In 1968, Jethro Tull was just another British blues band trying to make their way to the top. Back then, there was some contention as to how well a band led by a flute-playing wild man would go over with blues aficionados. On This Was, the group’s debut, the blues and all of its variants are very much intact. If anything, Ian Anderson’s quirky antics gave the music a boast in the rear. Forty years later, a great revisiting of This Was, spread out over two CDs, exposes the rootsy, humble beginnings of one of the most unique assemblage of musicians to ever grace the earth.

Guitarist Mick Abraham, the group’s blues mentor who left shortly after the release of This Was, is a dominant force on many of the record’s numbers.

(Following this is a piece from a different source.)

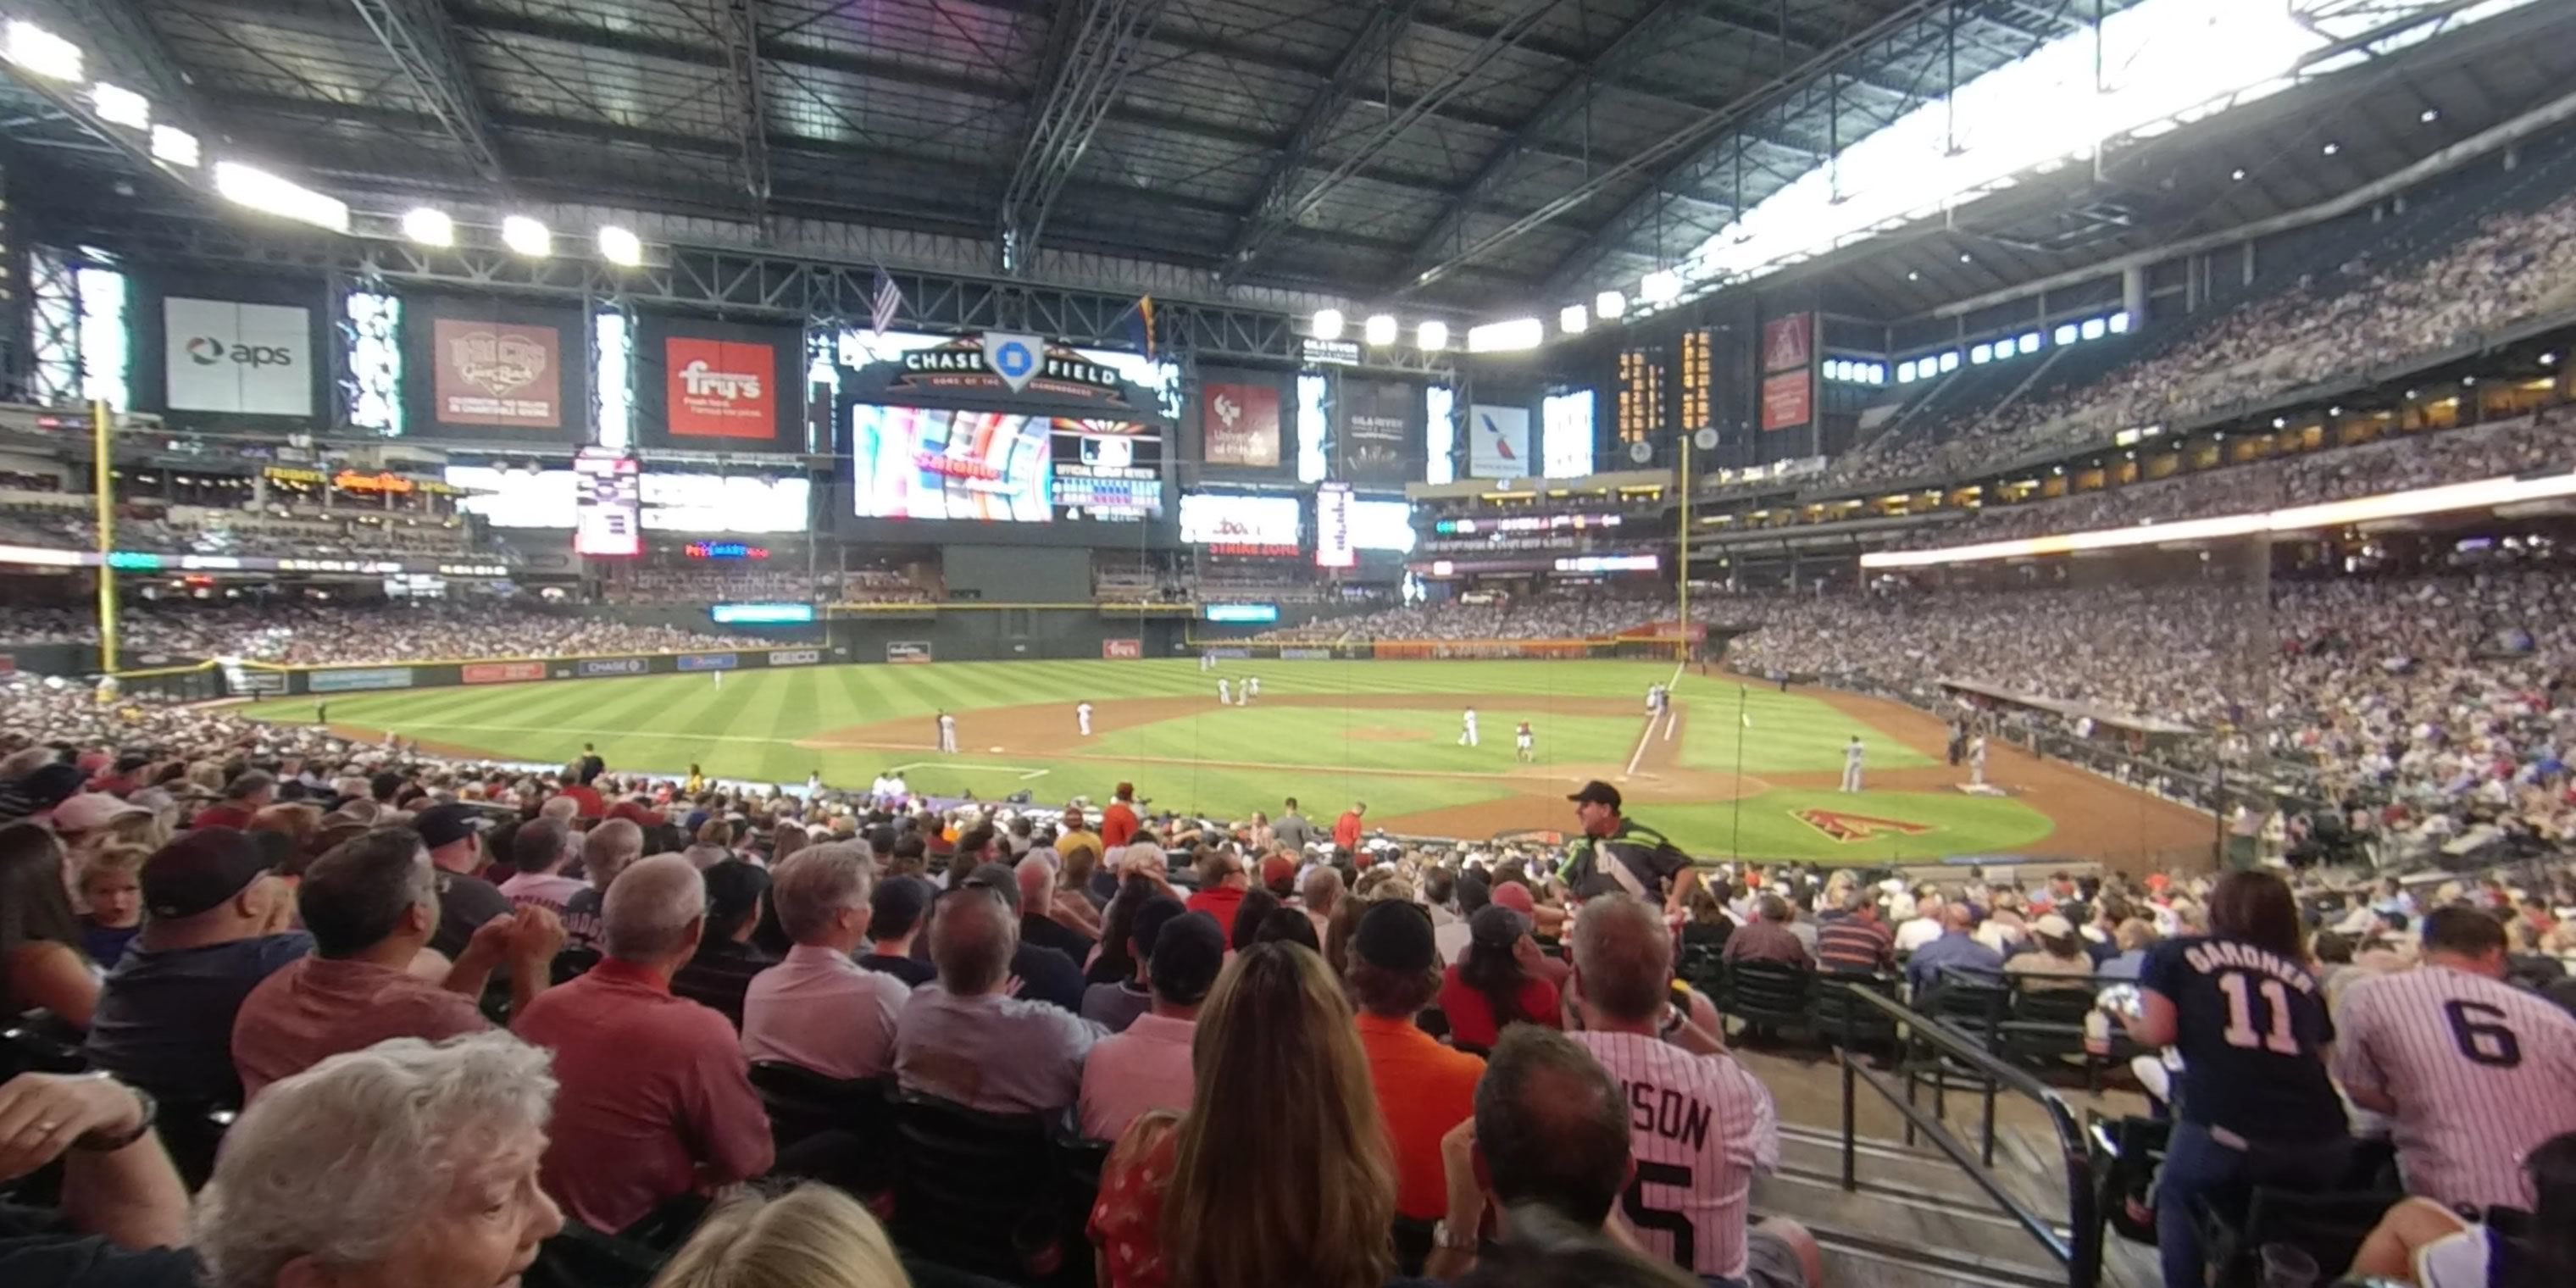 section 125 panoramic seat view  for baseball - chase field

He lights the fire under the opener “My Sunday Feeling,” with Anderson’s spunky flute riding shotgun. “Move On Alone,” Abraham’s own tell-tale composition, is somewhat simmered with a few lazy horns, but his steady and smooth blues-based fretwork is highlighted on “It’s Breaking Me Up” and “Cat’s Squirrel.”

For all that Abraham offered, however, the sheer veracity of Anderson’s talent as a singer, songwriter and instrumentalist gives This Was an incomparable quality. Throw in bassist Glen Cornick and drummer Clive Bunker, and the Jethro Tull of 1968 swings far and wide on such tunes as “Beggar’s Farm,” “Serenade To A Cuckoo,” “Dharma For One,” and the first of many songs about Anderson’s friend and one-time Tull bassist Jeffery Hammond-Hammond, “A Song For Jeffrey.”

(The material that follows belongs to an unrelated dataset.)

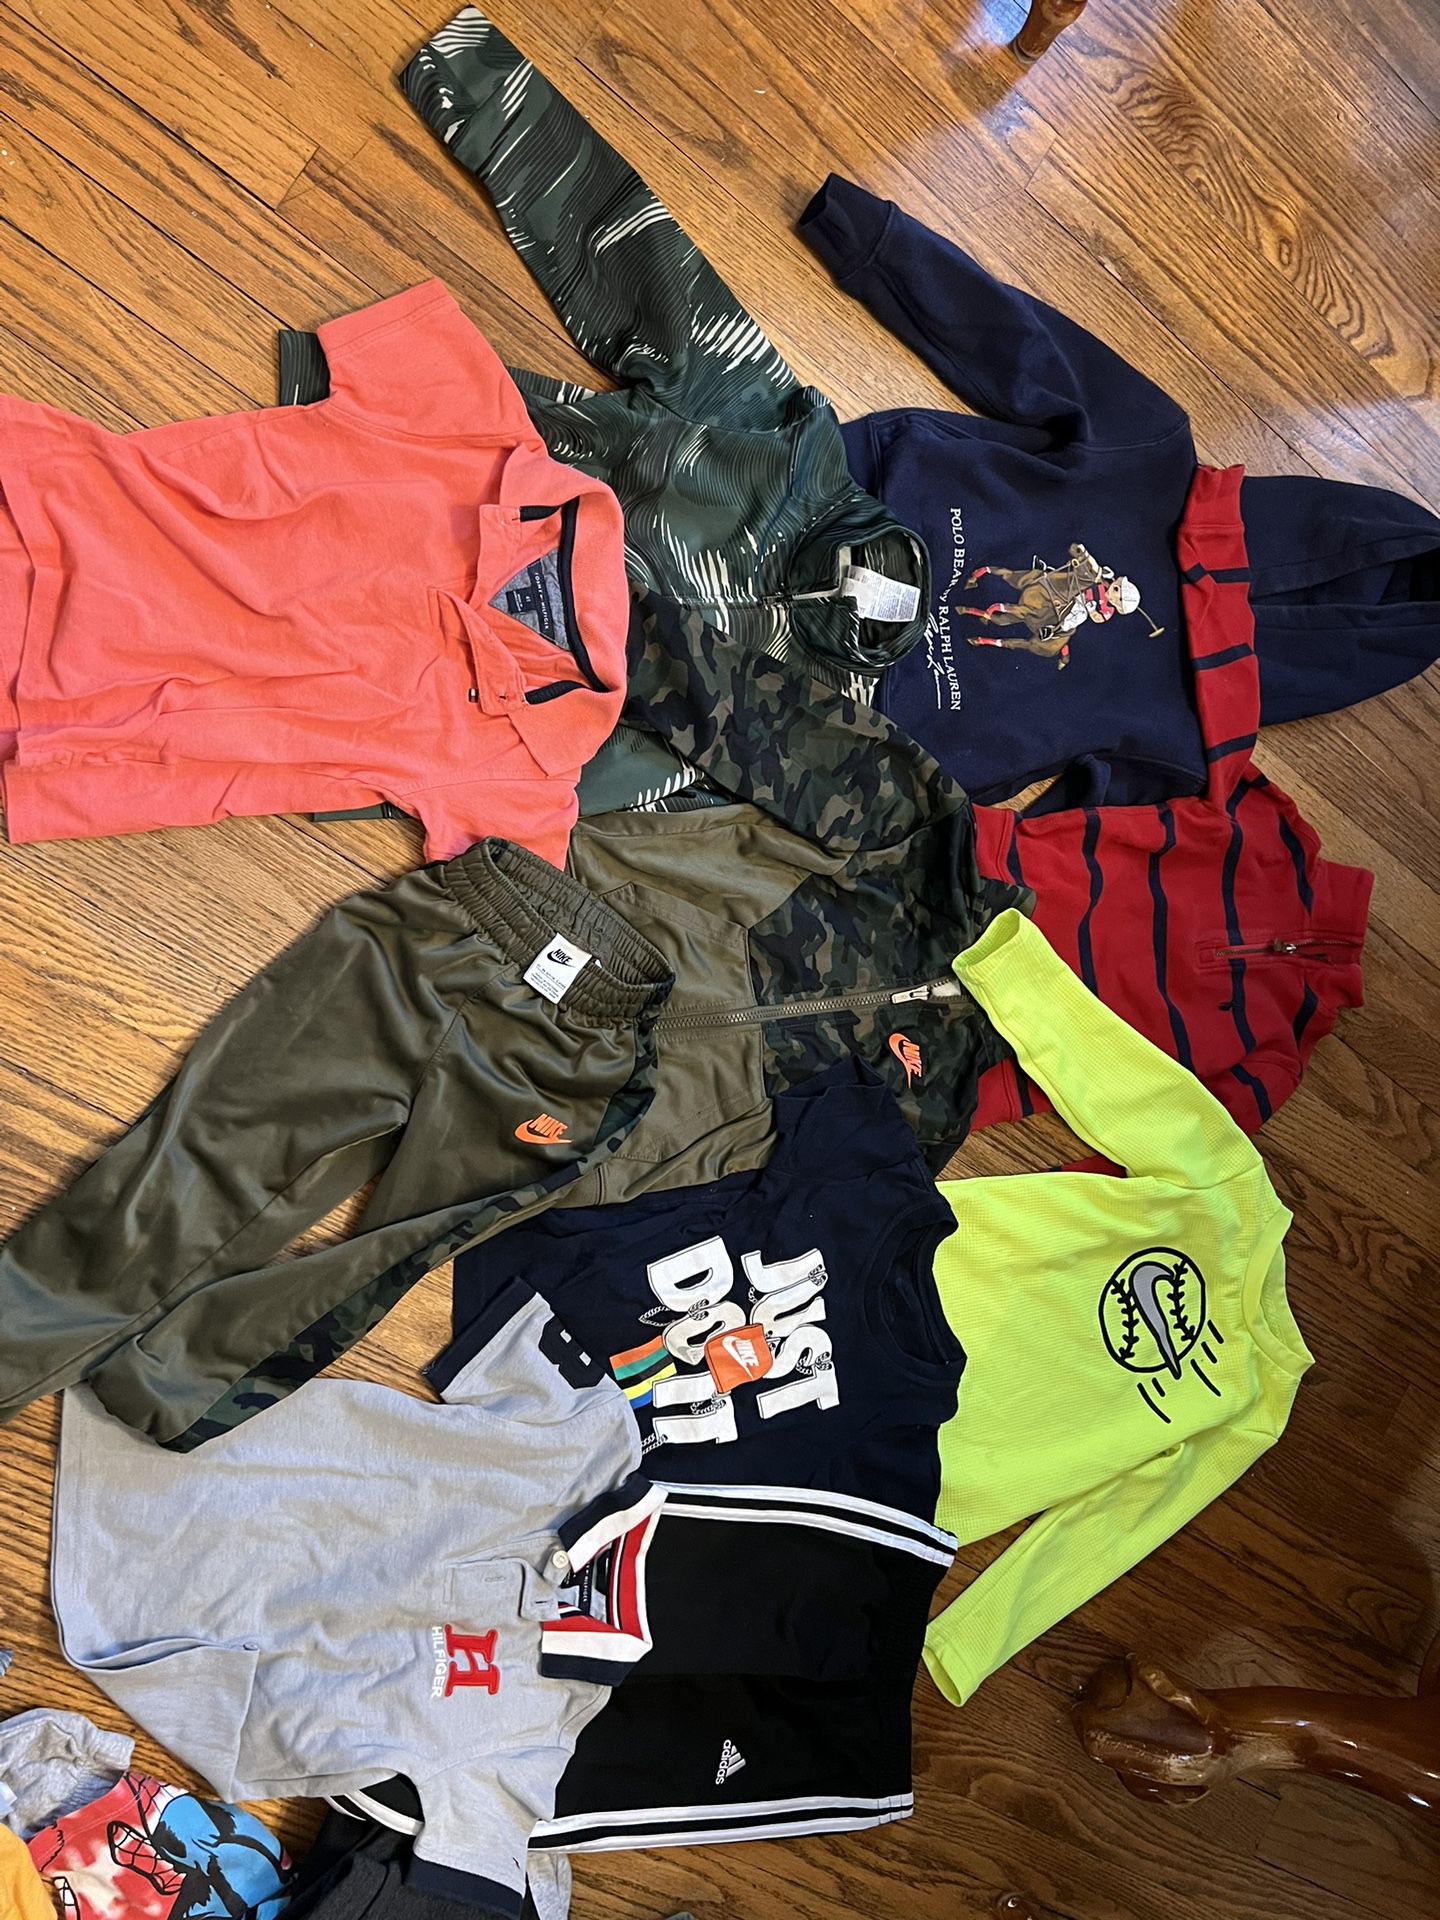 Polo, Nike, Adidas, Tommy Hilfiger and more Toddler Clothing All Size 4t or Size 4

As a two-CD set, the expanded 40th Anniversary Collector’s Edition of This Was is a well configured package. Disc one features the whole album remastered in mono. Five additional tracks — all except “So Much Trouble” are from the original This Was — are taken from the BBC recorded for John Peel’s Top Gear program on July 23, 1968. The second disc includes a stereo mix of This Was, along with six bonus tracks, including two versions — one in mono, one in stereo — of “Love Story” and “Christmas Song,” and two additional Abraham tunes, “Sunshine Day” and “One For John Gee,” which apparently appeared as early A-side and B-side singles, respectively.

The set’s booklet comes with written comments from all four original band members, who occasionally get together for a bash now and then. But “what’s now” for Jethro Tull is that of a dynamic touring band with a rich, 40-year-old legacy. All the more reason to recognize and appreciate the importance of This Was.